Walker & Dunlop has been approved as a seller and servicer under Freddie Mac's Affordable Single-Family Rental pilot program, allowing the Bethesda, Md.-based company to focus on middle markets with an average loan size between $10 million and $25 million.
Freddie's SFR program plans to provide additional financing options for both workforce and affordable rental housing in one-to-four unit buildings.
"We are thrilled to partner with Freddie Mac to increase the availability of affordable rental housing for America's working families," Willy Walker, chairman and CEO of Walker & Dunlop, said in a press release.
"Walker & Dunlop has expertise in single-family rental lending, and we look forward to offering our customers best-in-class execution of the program and further enhancing our offering in the SFR space."
The single-family rental market has been the fastest growing sector of housing since the financial crisis. About 35% of the nation's 44 million rental units are single-family rentals, up from 31% in 2006. The majority of renters live in dwellings with less than four units.

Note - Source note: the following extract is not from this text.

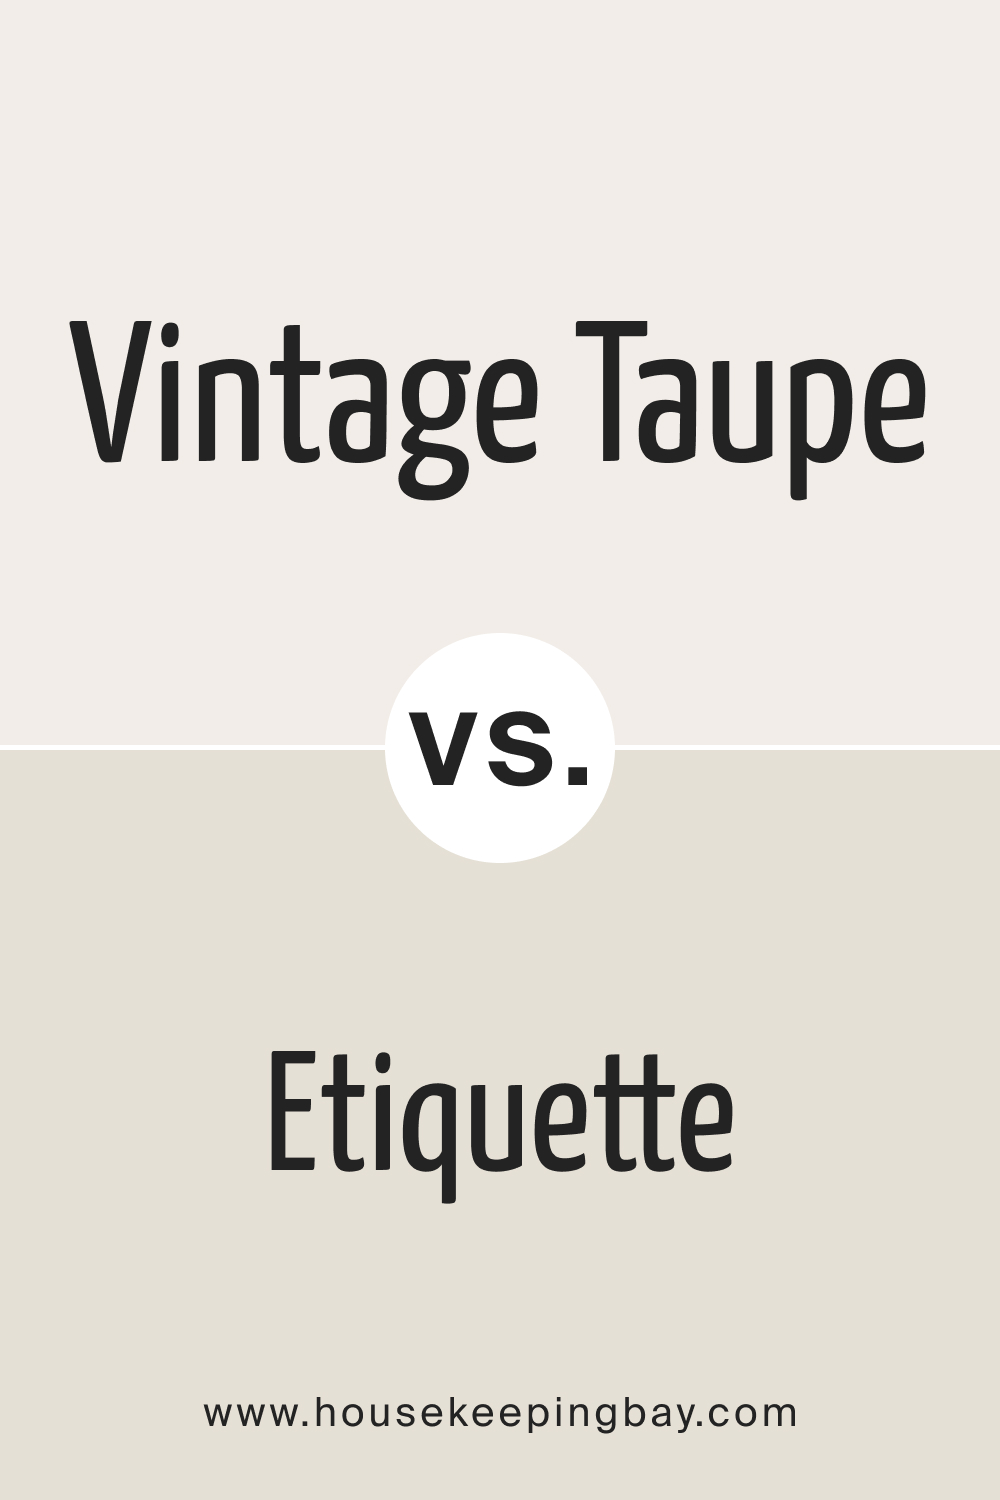 Vintage Taupe 2110 70 vs. AF 50 Etiquette

As a shortage of home supply continues to plague the real estate market, home prices will continue rising, making low-cost housing especially important. Evolving demographics and household preferences will also drive growth in the single-family rental space as more homebuyers seek affordable ways to live comfortably, according to Walker & Dunlop.
Freddie Mac plans to approach this growing market by offering a competitive alternative to owners and investors of SFRs; the financing option supports more leverage, increased loan consolidation, longer-term loans, fixed rates and nonrecourse loans, according to the government-sponsored enterprise.
Walker & Dunlop is one of nine firms currently approved for the pilot.